Directional drilling technology can be used in glacier boreholes to obtain additional ice cores and to pass over sticking drills. Experimental sidetracking of 5G-2 hole in the deep borehole at Vostok station, Antarctica, showed the high efficiency of the directional drilling without using of special whip-stocks to deviate the hole.
Ecologically safe penetration into the subglacial Lake Vostok discovered in the depth of 3,700 m in East Antarctica (more than 10,000 km2 , hypothetically freshwater and containing relict life forms) requires development of new methods, technologies and technical means of drilling.
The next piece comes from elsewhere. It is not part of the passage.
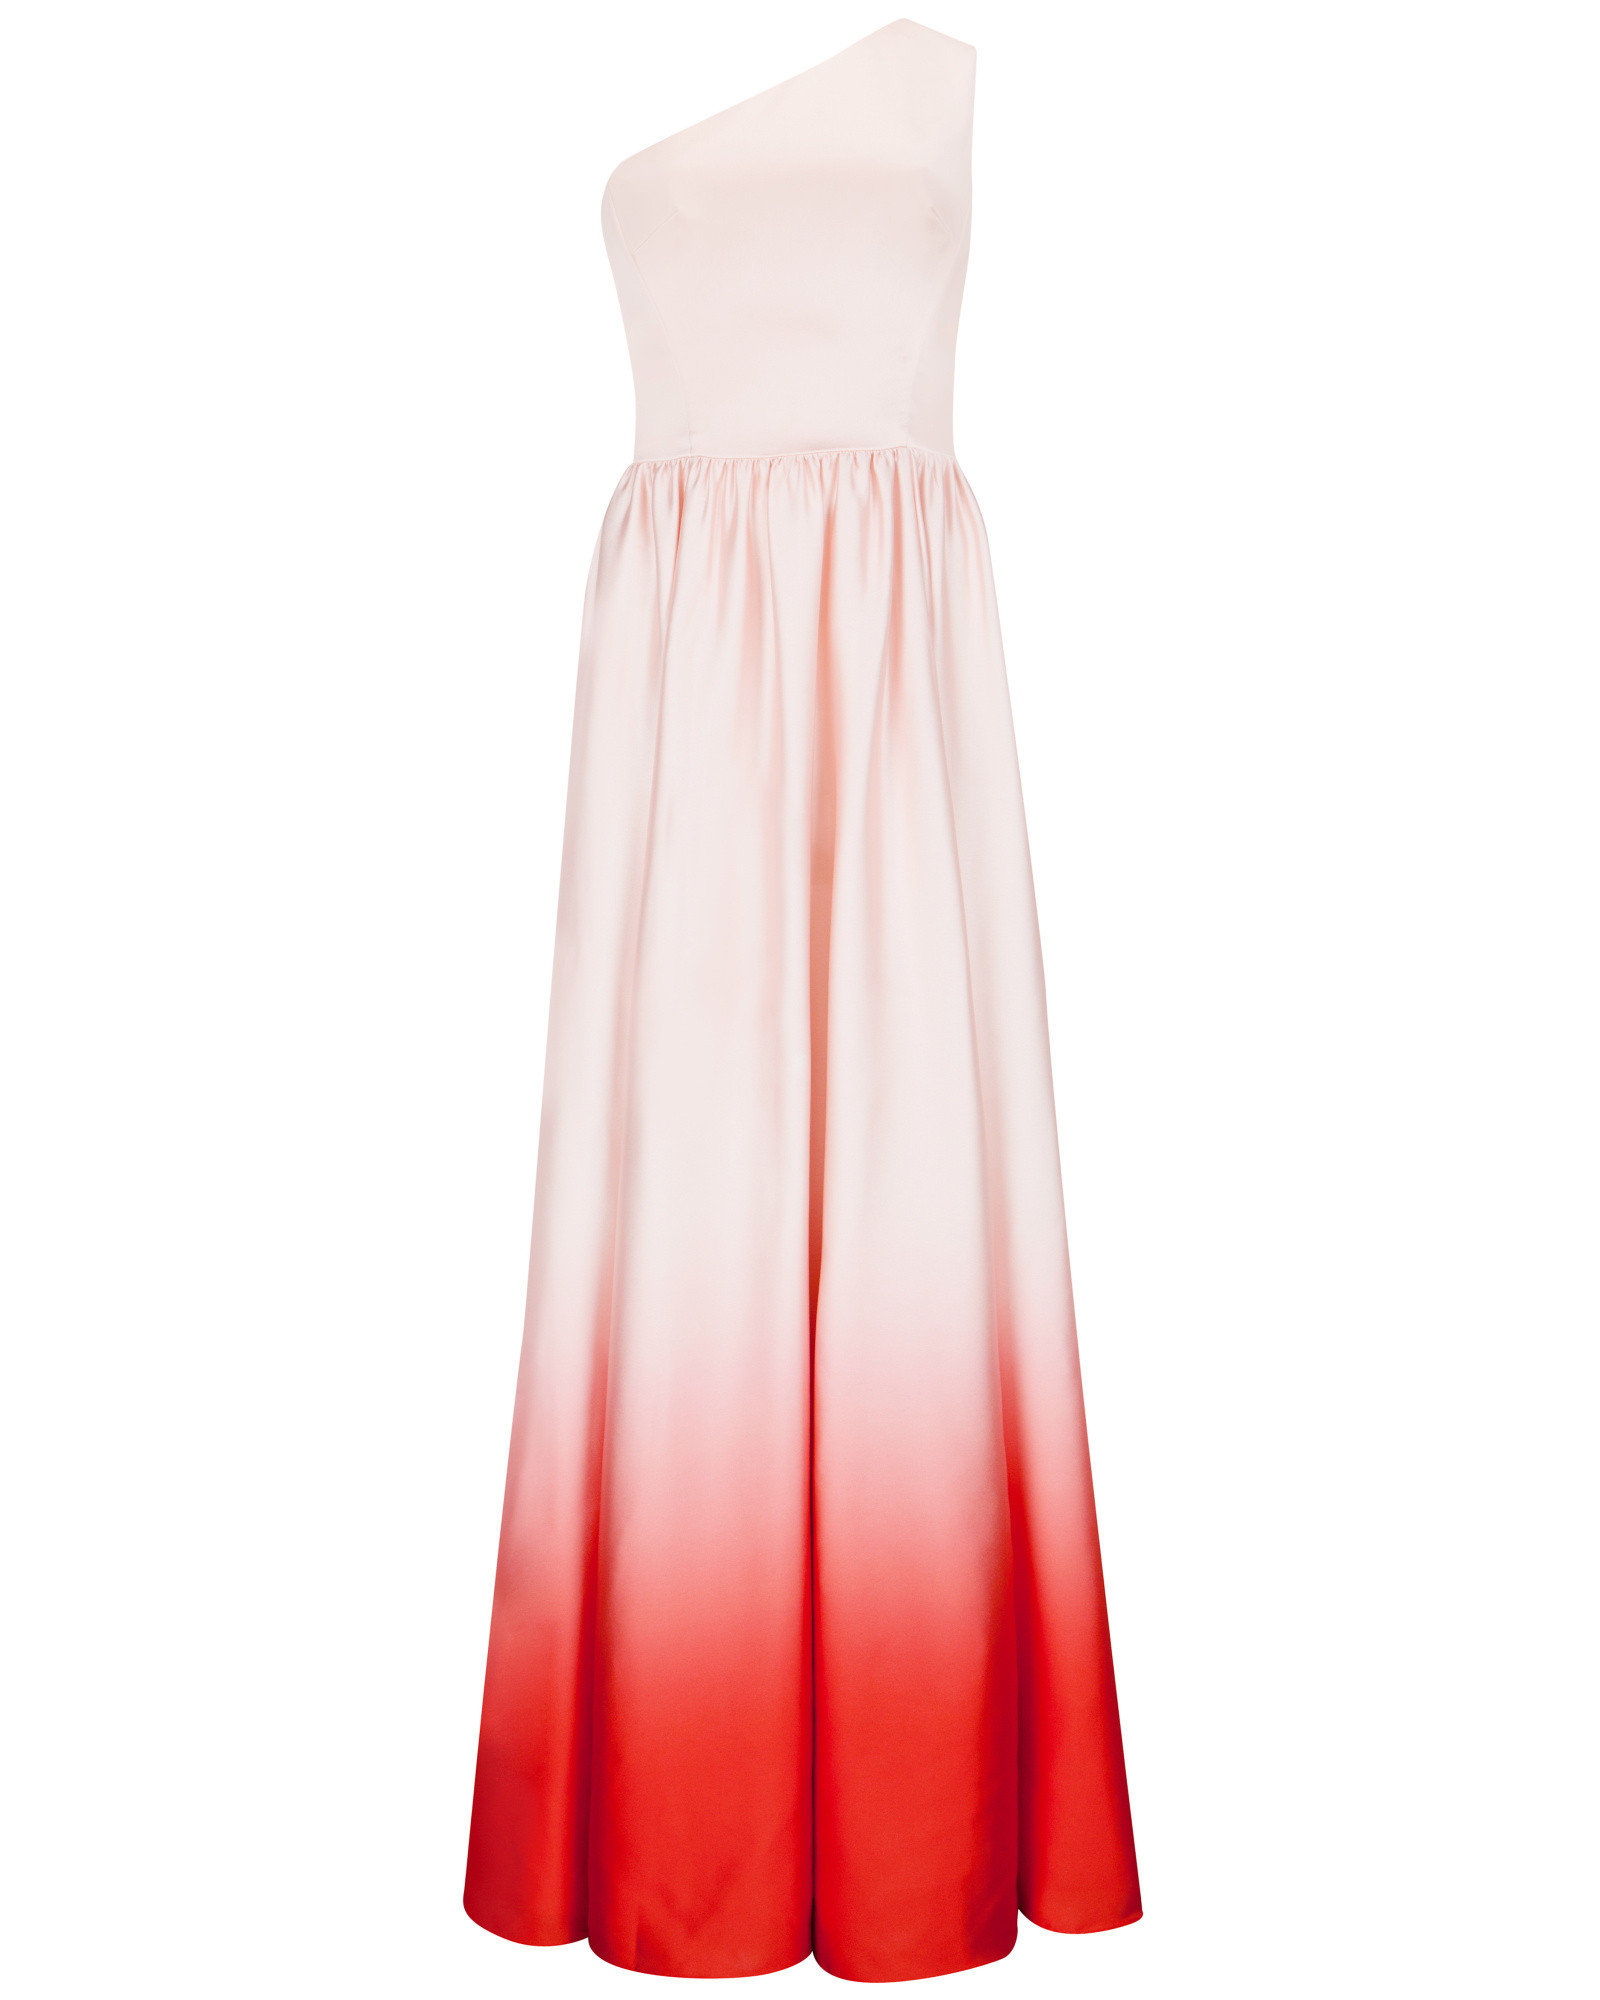 Ted Baker Daneka Maxi Dress With Dip Dyed Hem in Nude Pink (Pink) - Lyst

The primary results of the research and engineering work of the Department of Technology and Technique of Well Drilling, carried out and completed in 2000, are presented. The main result of drilling long wells in the ice of Antarctica is the development of the project of environmentally safe opening of the subglacial Lake Vostok, a unique natural phenomenon, the complex study of which is of the greatest interest to the world scientific community. A 505 m long well with full core recovery was drilled on the Academy of Sciences glacier (Severnaya Zemlya archipelago) in the framework of the international environmental program PEGAIS. Geophysical measurements were carried out in the well. A new method of tubeless casing and sealing of anomalous intervals using a fusible binding material and a thermal plugging penetrator was developed. Basic theoretical and technological principles of liquidation plugging of hydrogeological wells with the use of economical and environmentally safe cementing mortar based on cheap mineral waste were developed. Effectively conducted research and experimental developments on the combined heat and hydrodynamic effects on low-productive sands to increase oil and gas production wells, clarified the laws of the hydro and foam core. New applied programs for PC were formed, allowing to increase adequacy of data and to expand the field of application in evaluation of regulation and stabilization of circulation and heat exchange processes during well sinking and development.